_What the task asks_
What you should give back is every line from the one containing "146 Buchan Street, Bungalow, QLD 4870" through the last line of the records below, word for word and without pictures.

_Provided data_
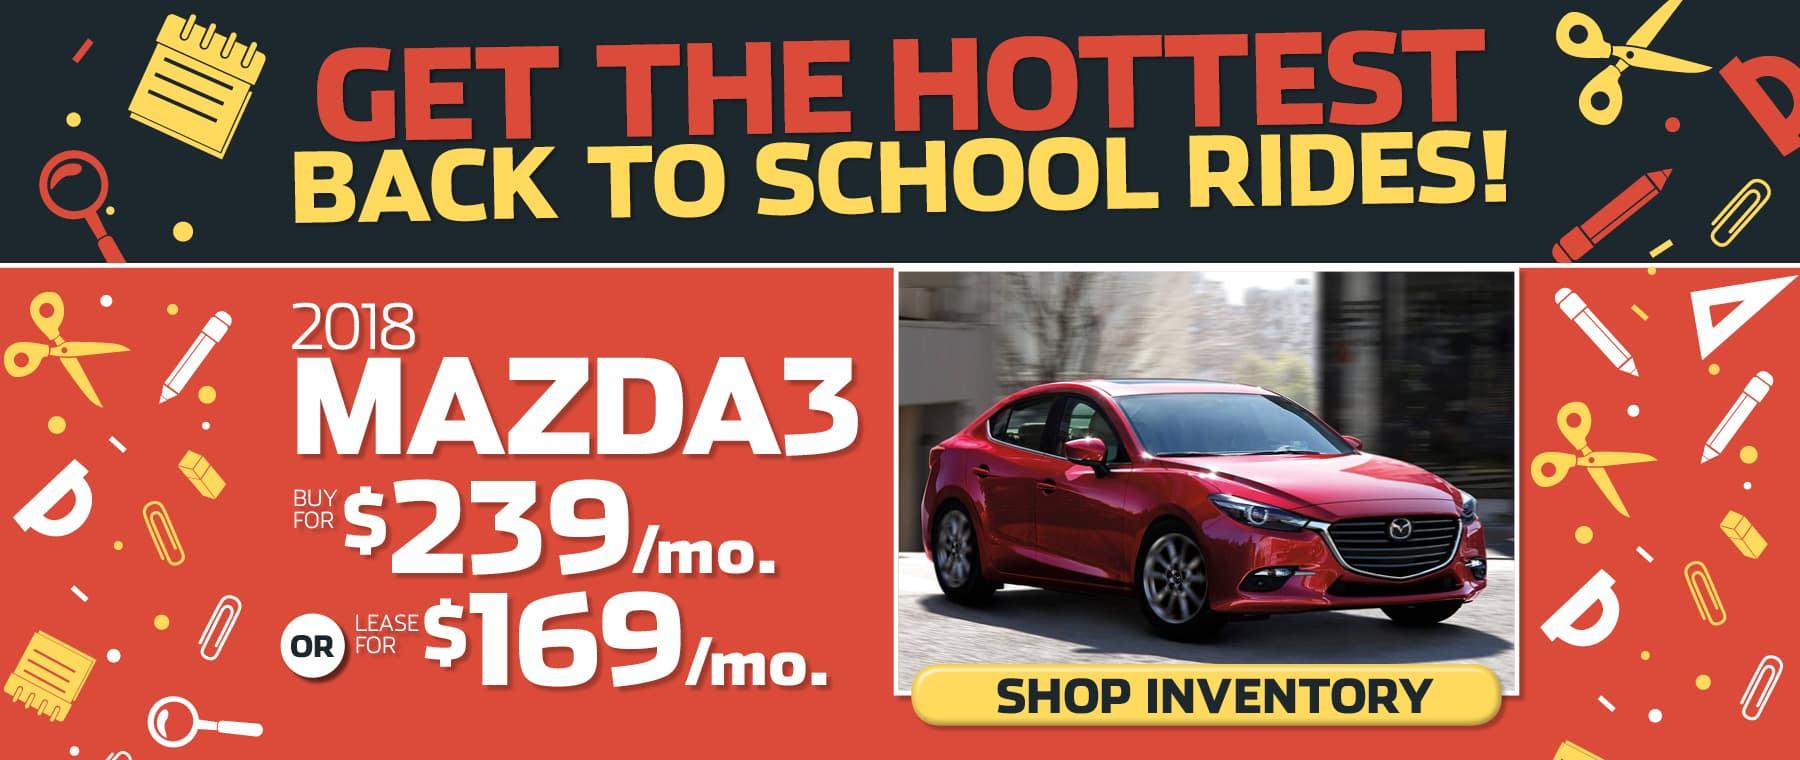 Mazda3 Banner 2018
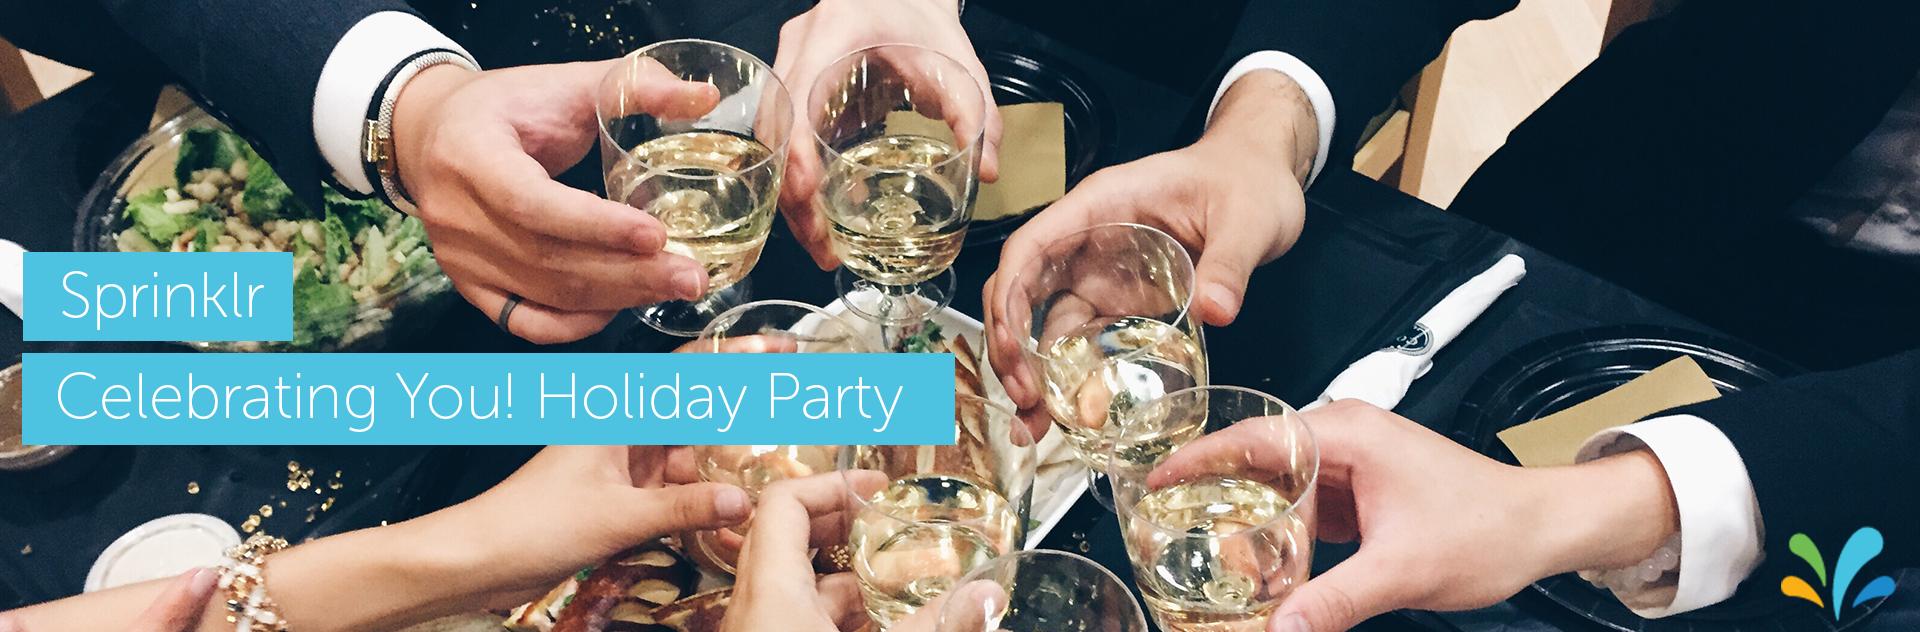 Sprinklr Celebrating You! Holiday Party
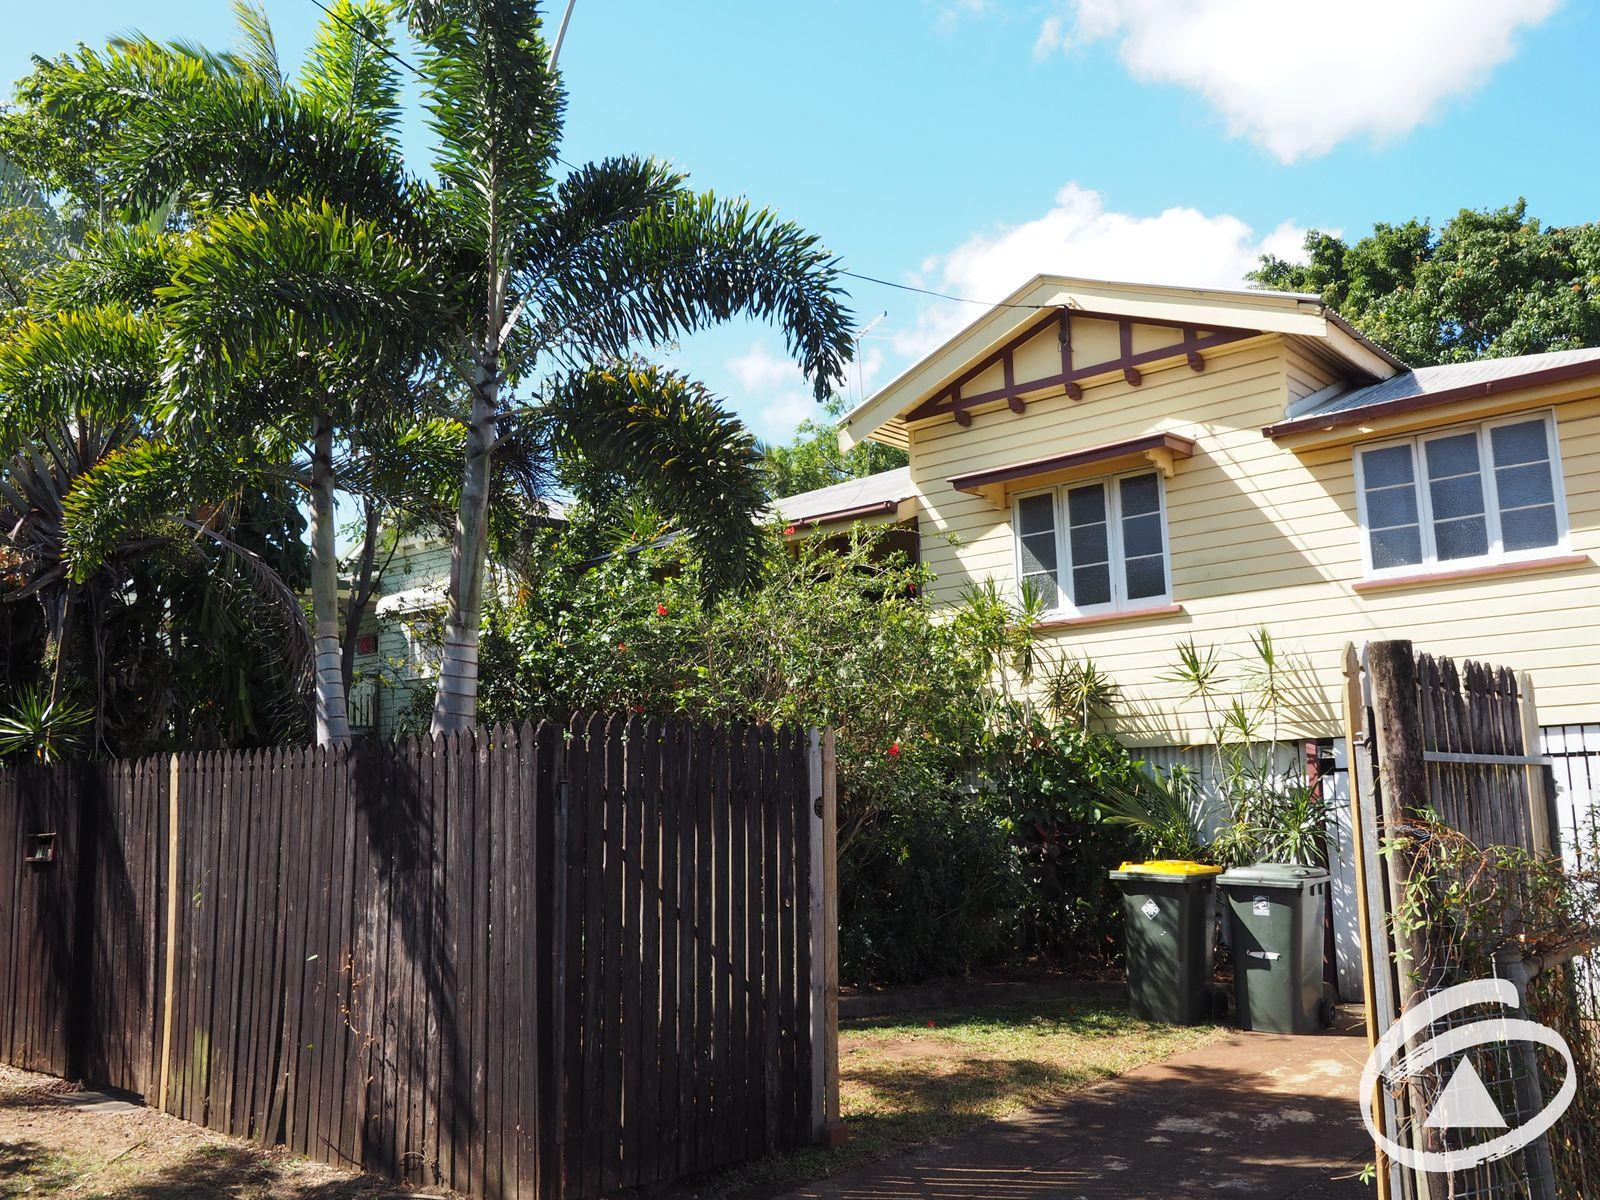 146 Buchan Street, Bungalow, QLD 4870
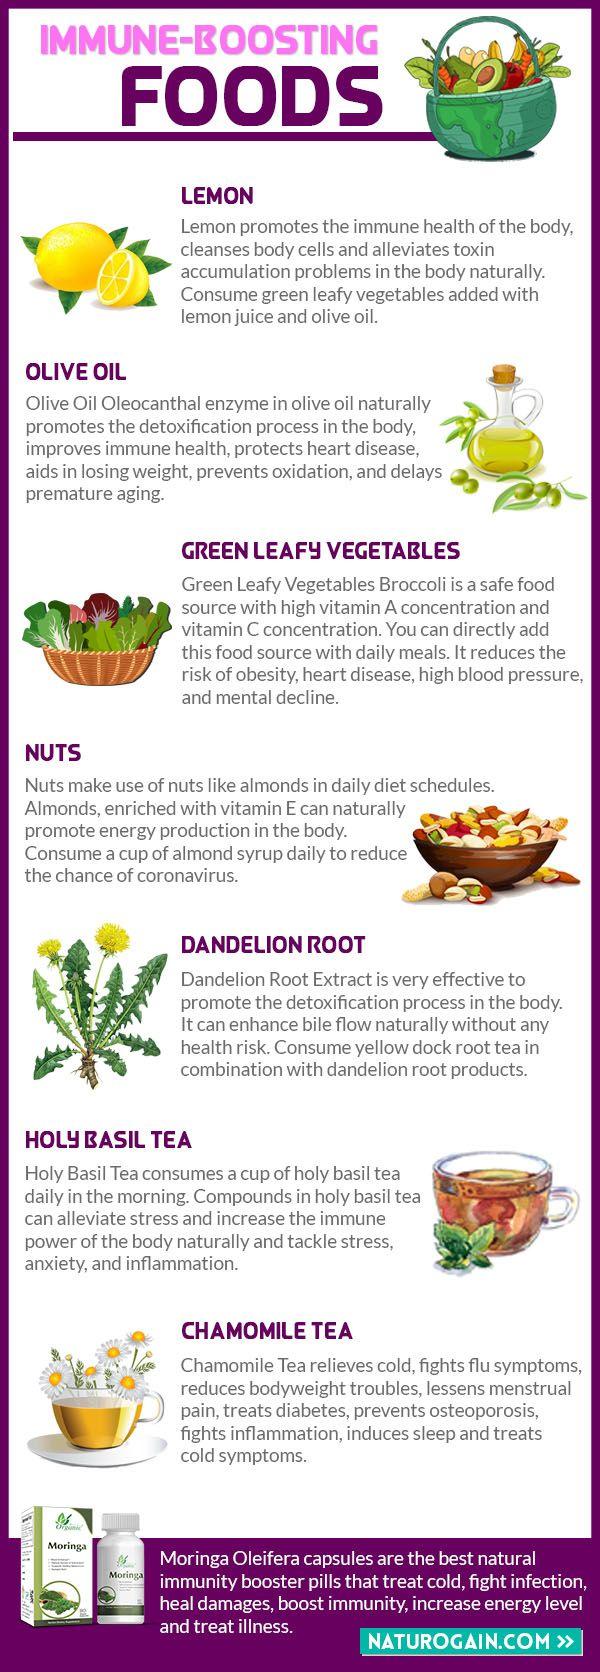 Moringa Oleifera Capsules in 2020 Immune boosting foods
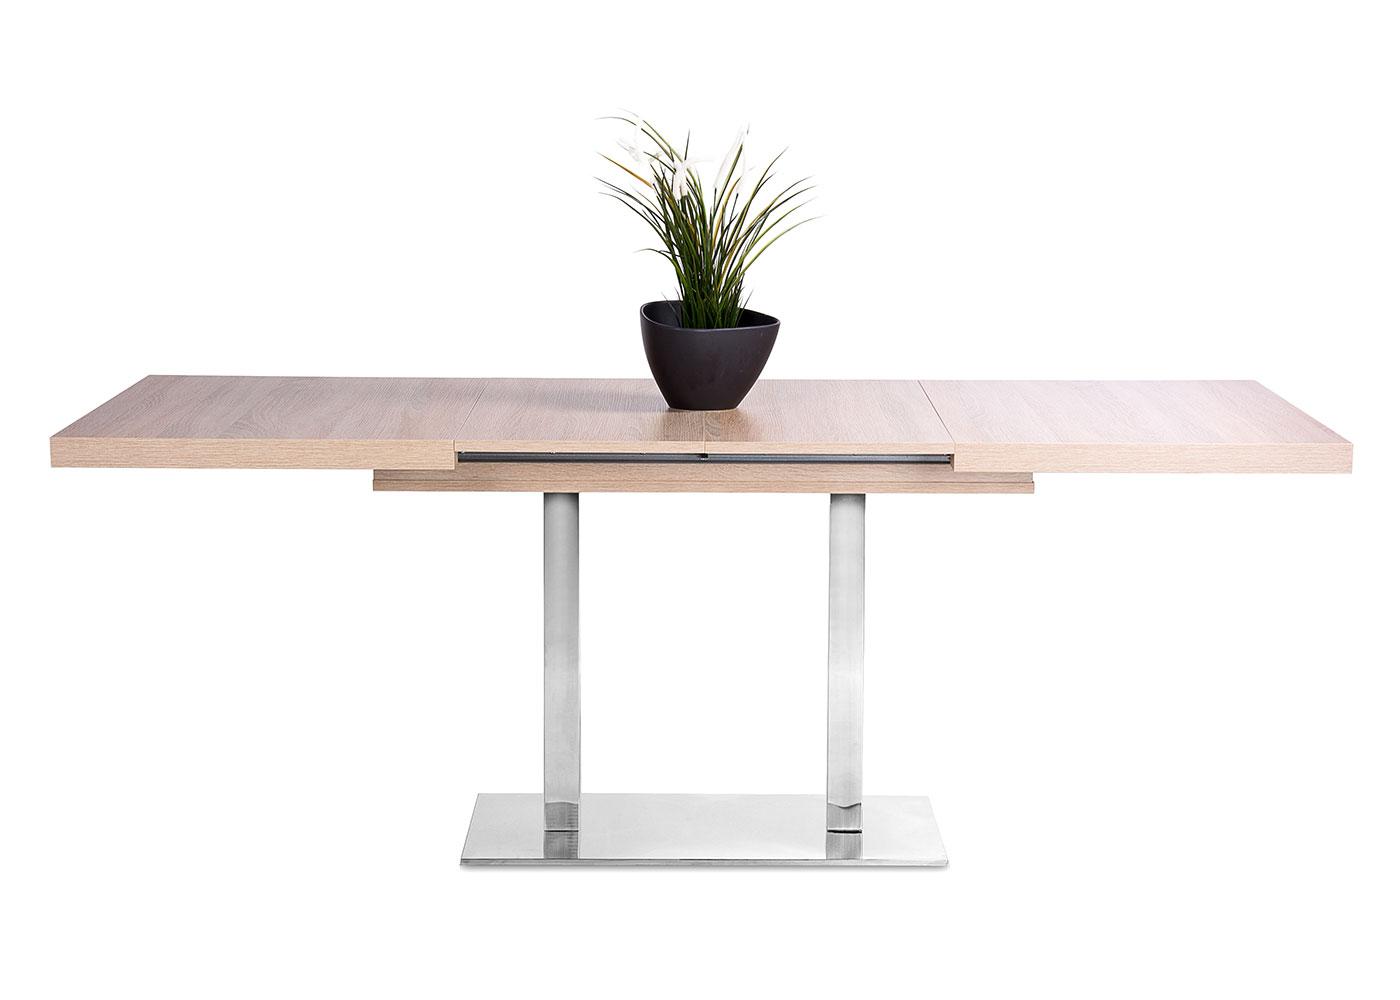 Jídelní stůl rozkládací August, 200 cm, dub
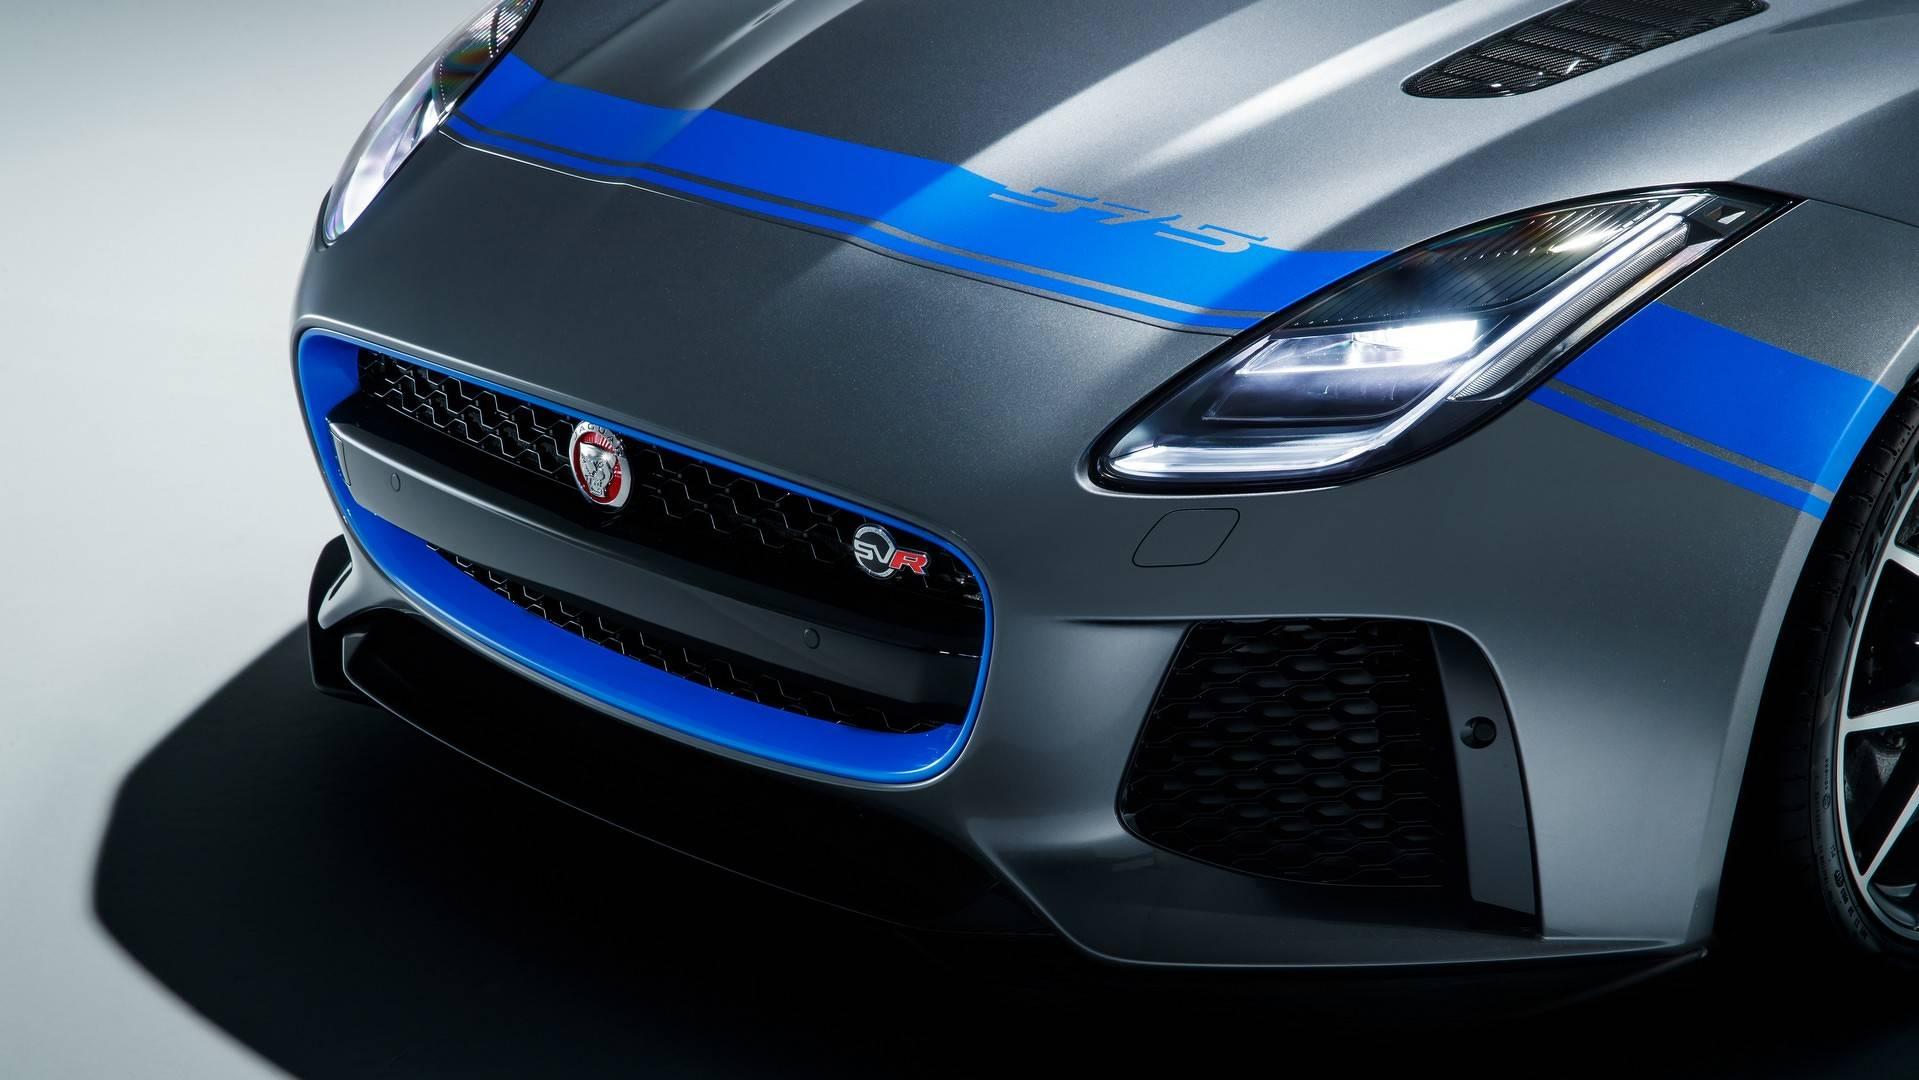 Svr Graphic Pack Is Go For The 2018 Jaguar F Type Svr Autoevolution

_Solution for this problem_
 146 Buchan Street, Bungalow, QLD 4870
 Moringa Oleifera Capsules in 2020 Immune boosting foods
 Jídelní stůl rozkládací August, 200 cm, dub
 Svr Graphic Pack Is Go For The 2018 Jaguar F Type Svr Autoevolution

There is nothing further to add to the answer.